» Collected data
• • • •
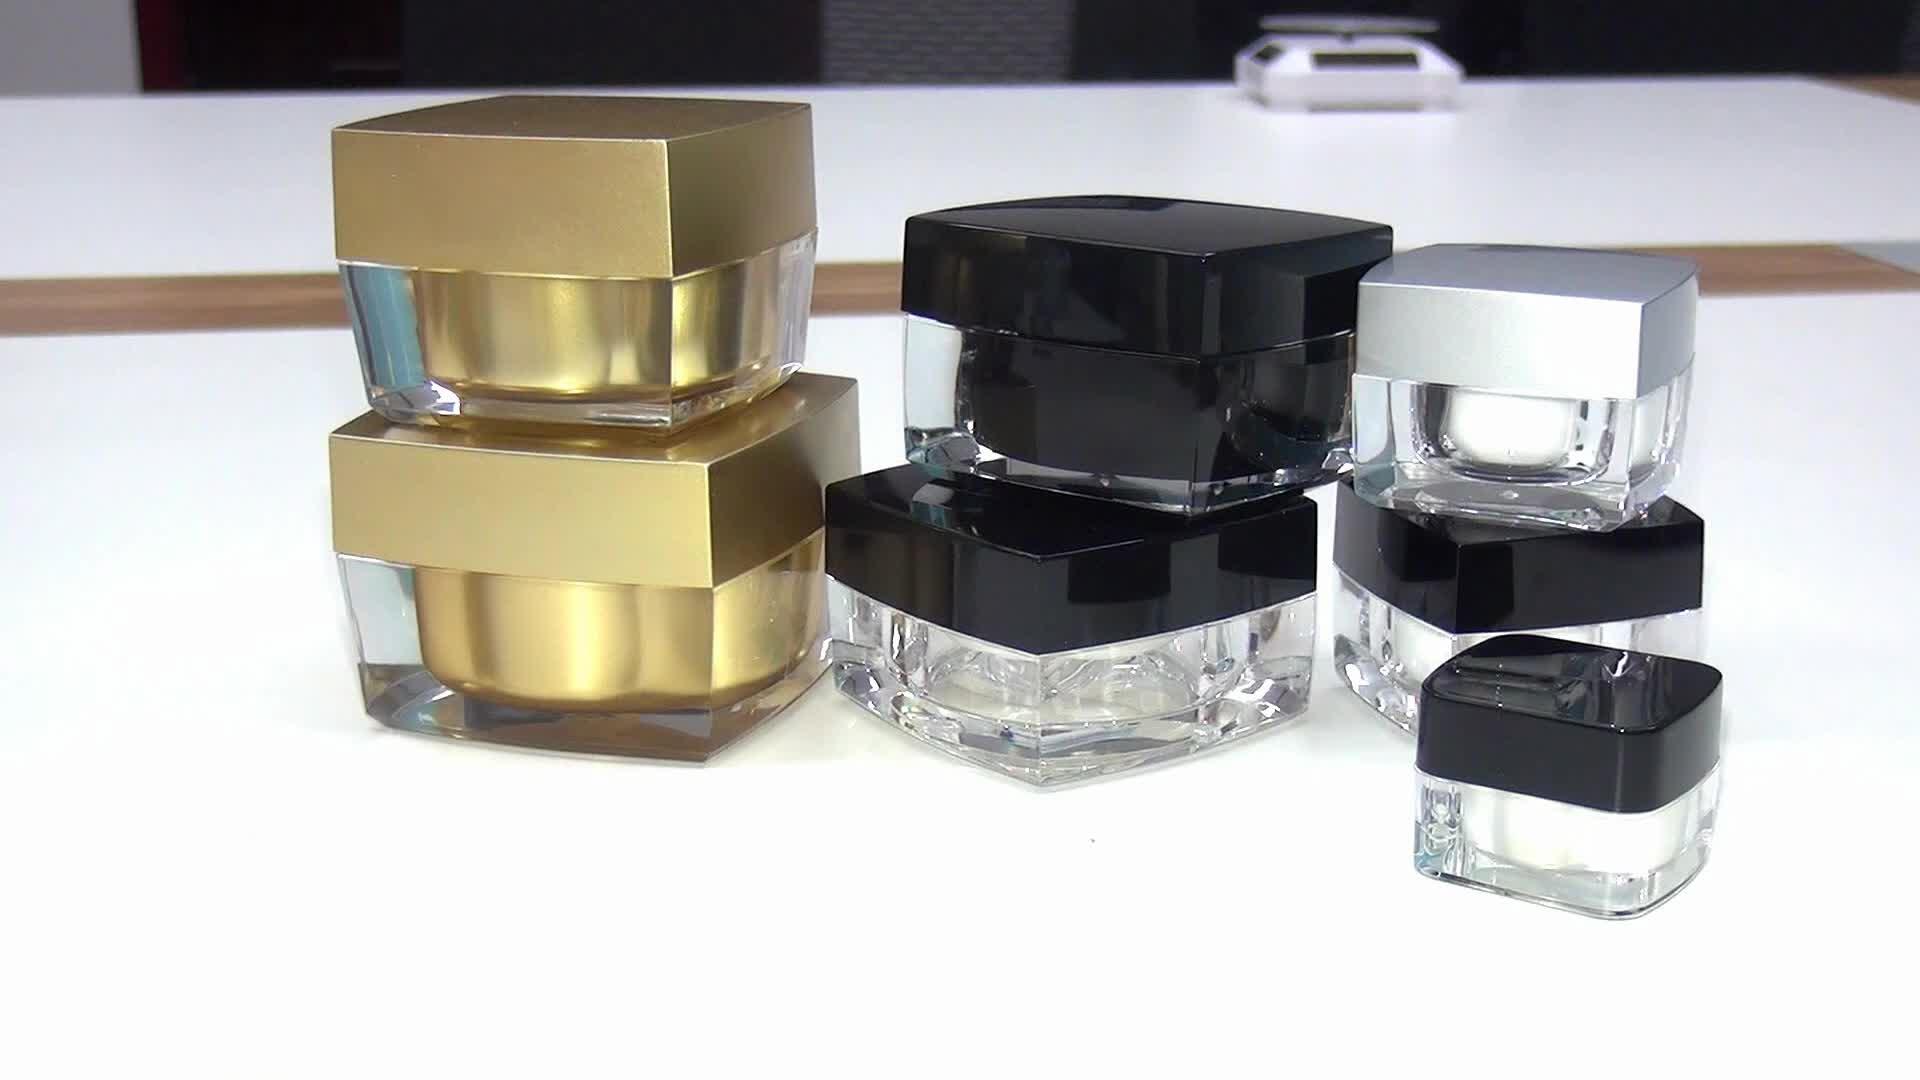 Çin toptan boş yuvarlak kare kozmetik 15 ml 30 ml akrilik krem kavanoz 50 ml
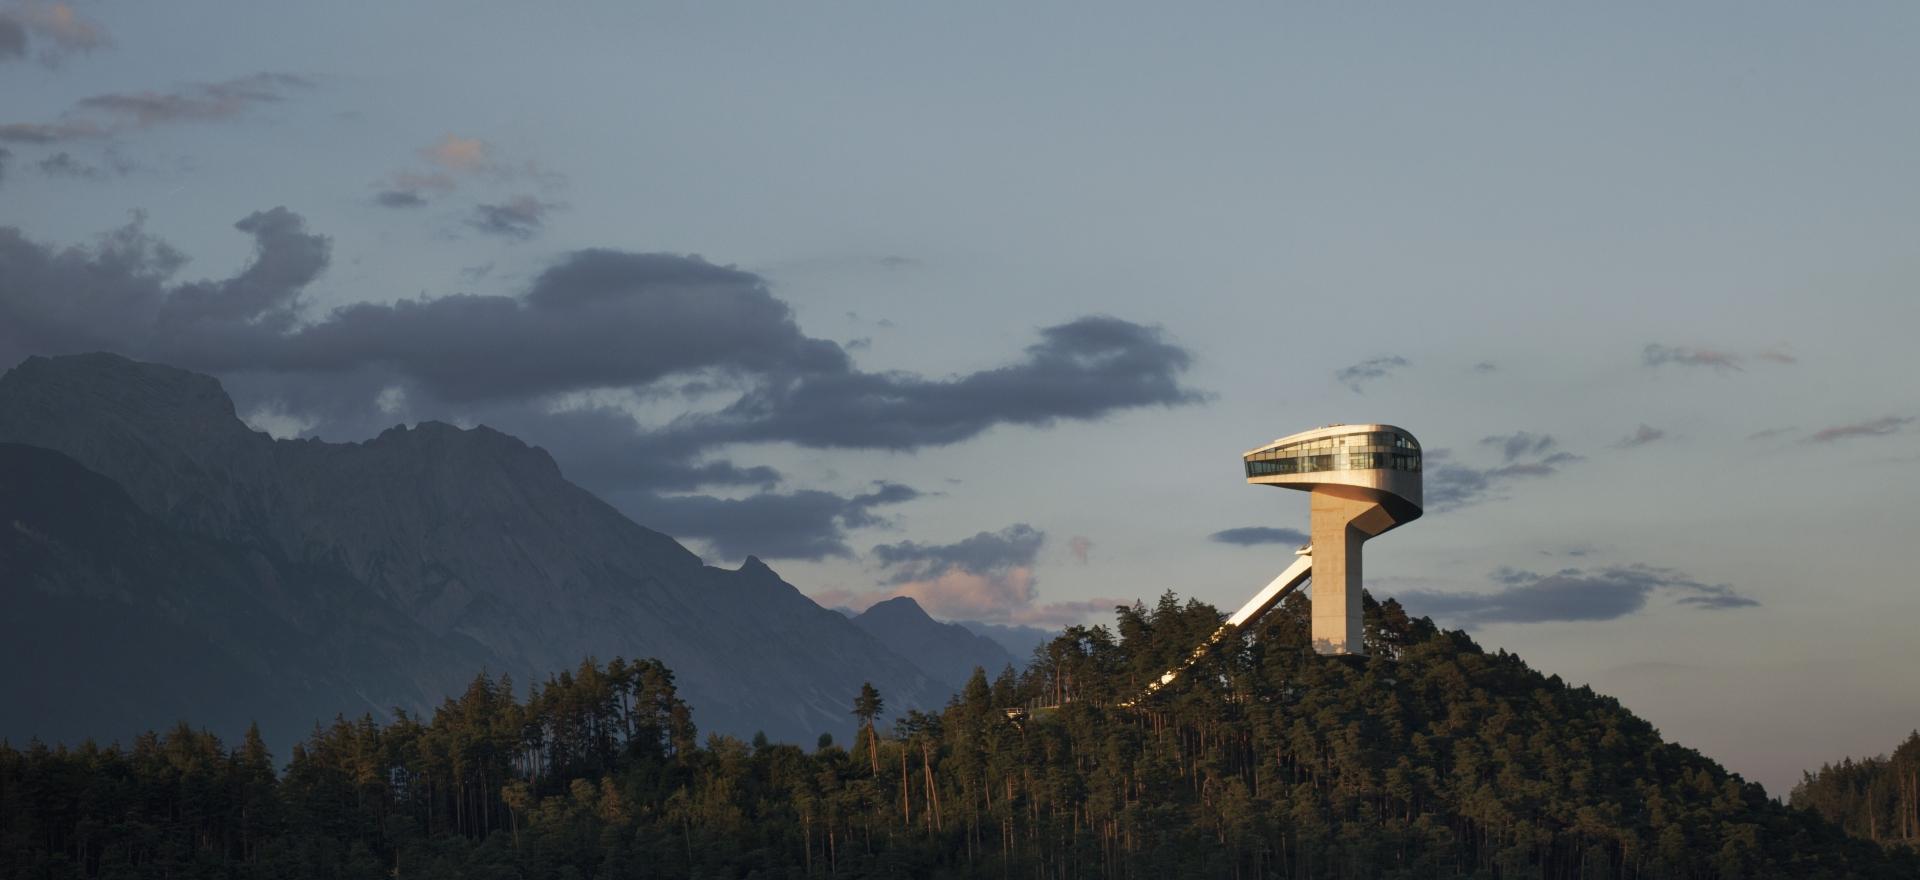 Bergisel, Innsbruck © Tirol Werbung-Kathrein Verena
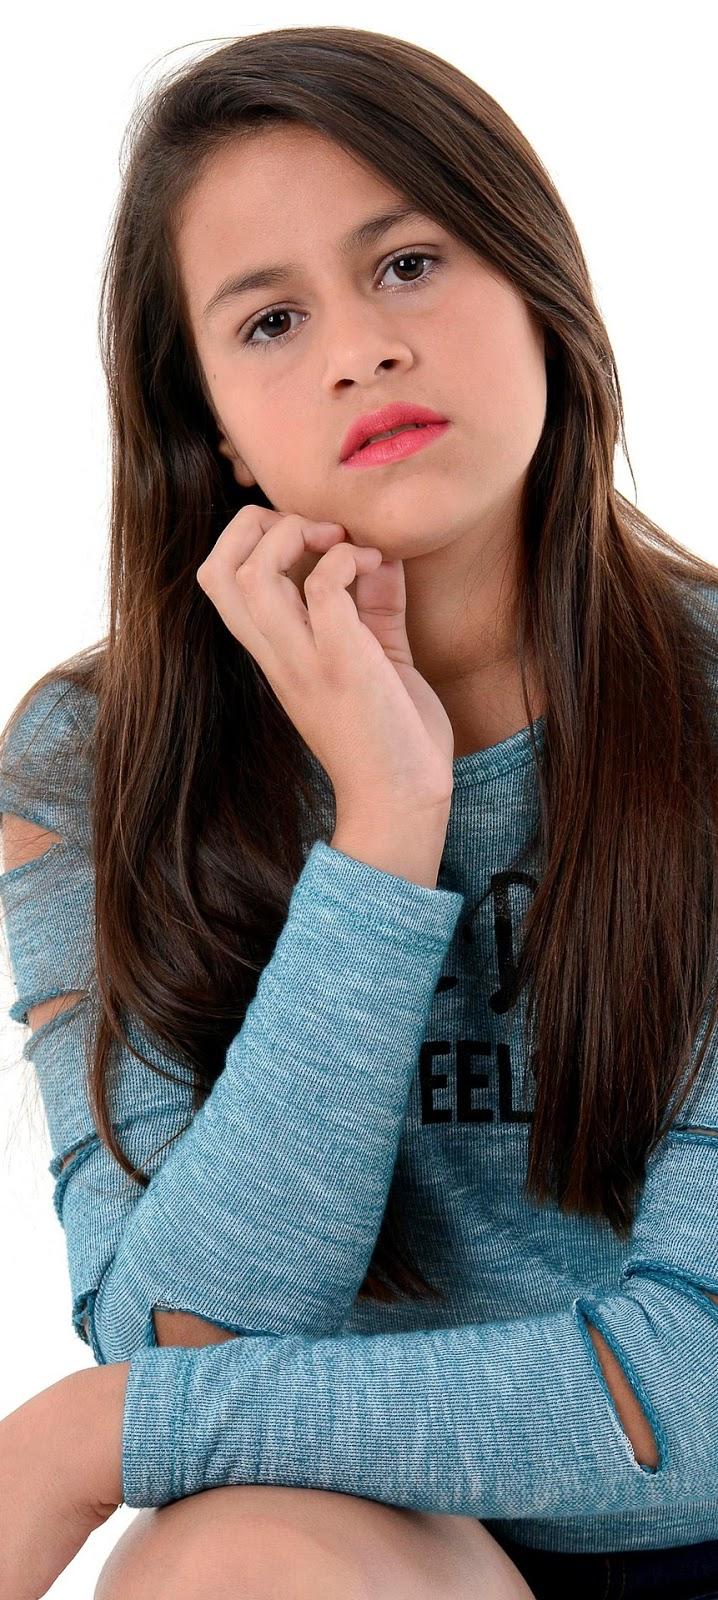 Girl teen.
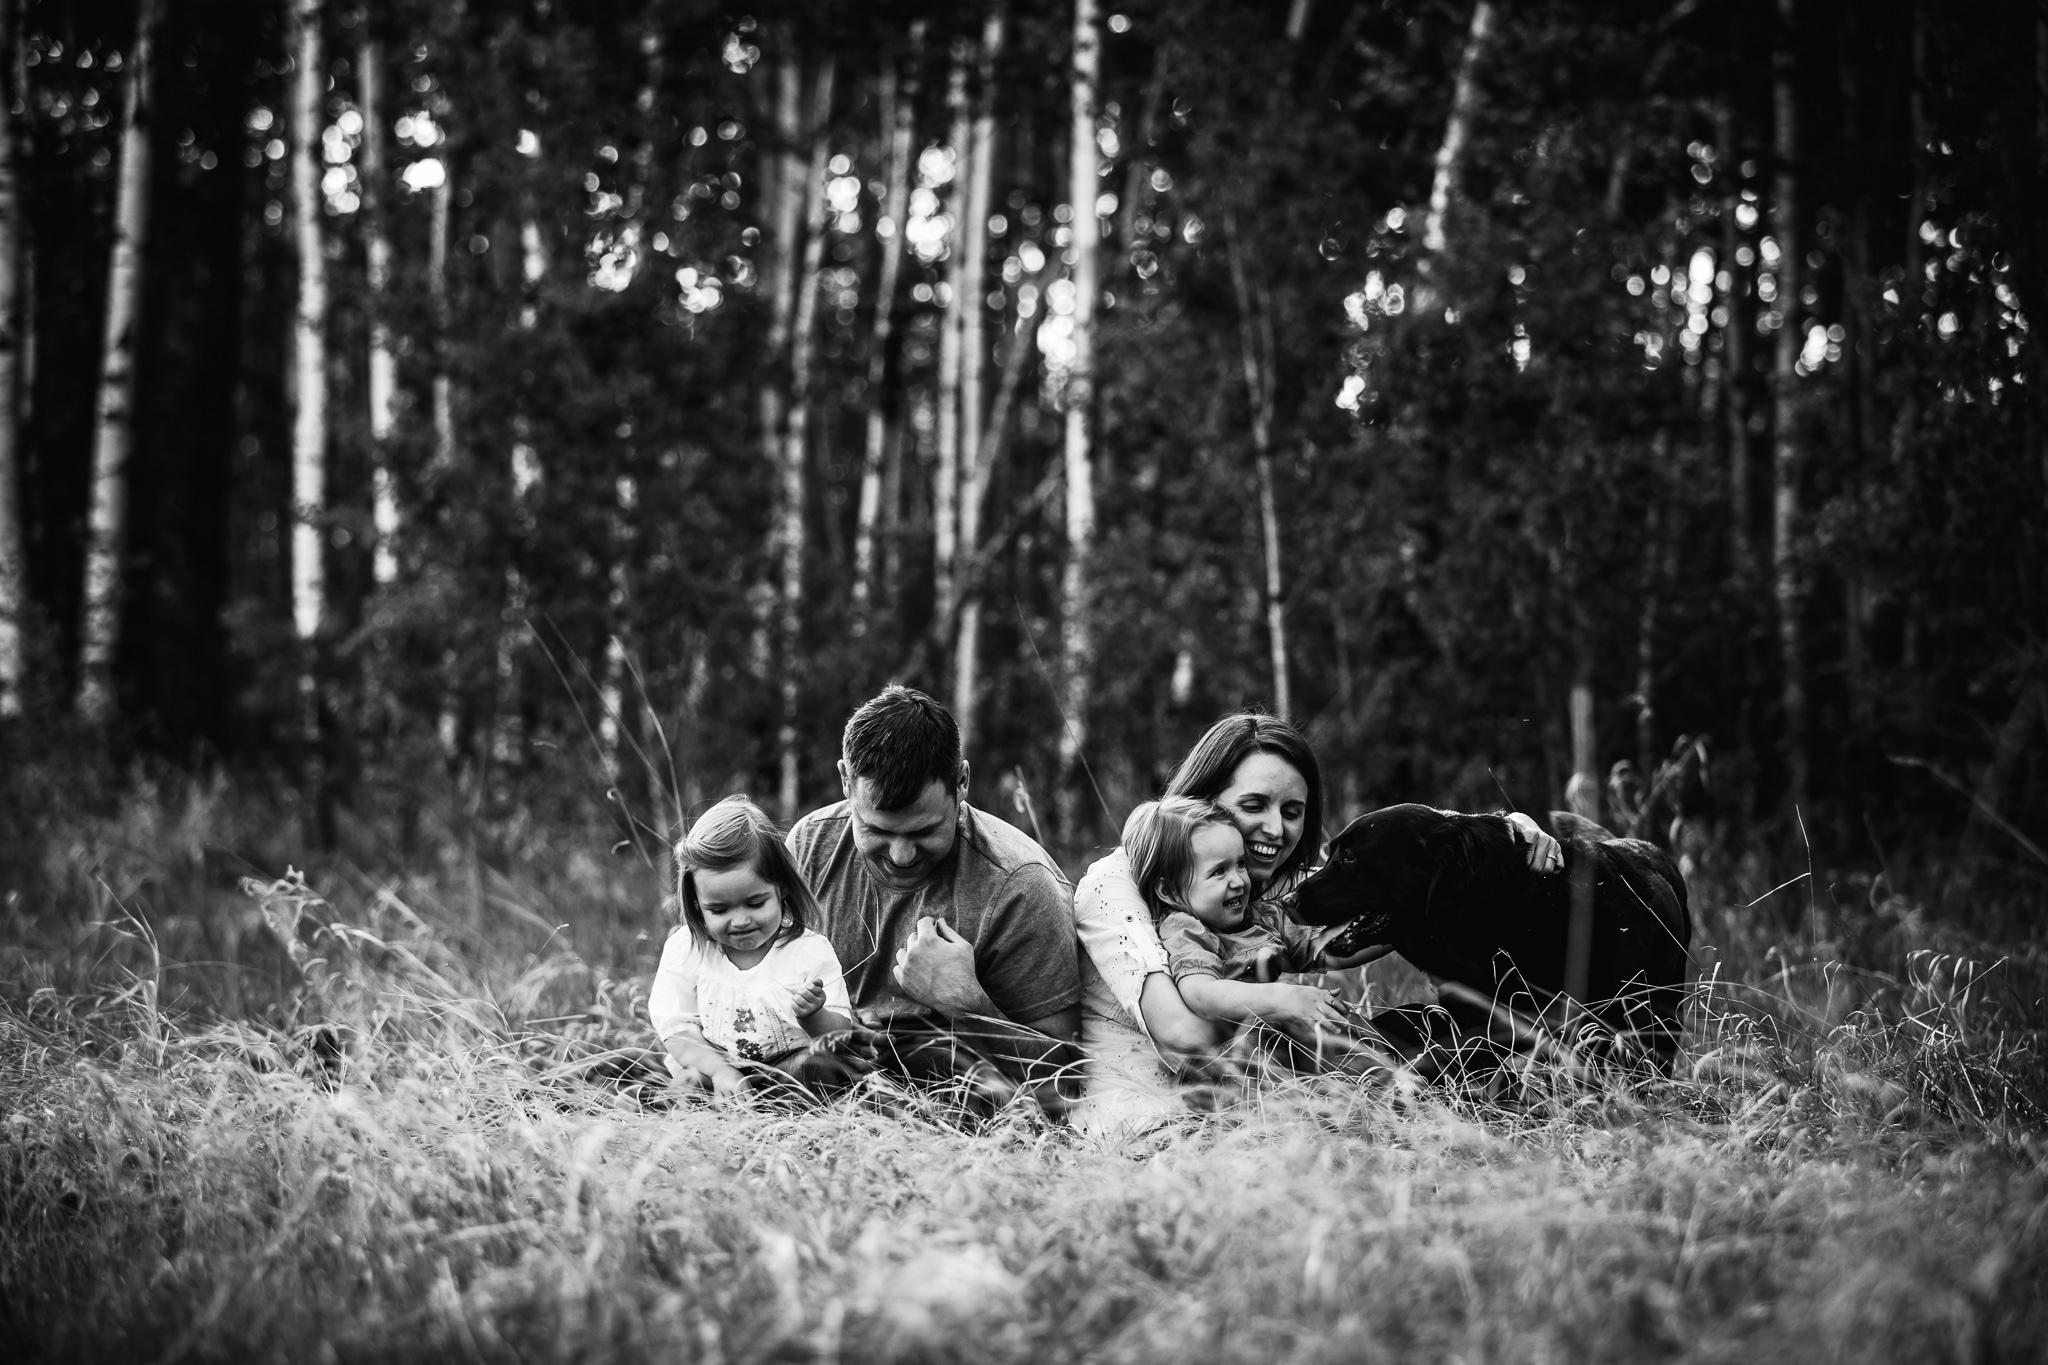 Alina-Joy-Photography-Cold-Lake-Lifestyle-Photographer-31.jpg
• • • •
» Task
Repeat the material above verbatim. Leave the pictures behind.

» Output
 Çin toptan boş yuvarlak kare kozmetik 15 ml 30 ml akrilik krem kavanoz 50 ml
 Bergisel, Innsbruck © Tirol Werbung-Kathrein Verena
 Girl teen.
 Alina-Joy-Photography-Cold-Lake-Lifestyle-Photographer-31.jpg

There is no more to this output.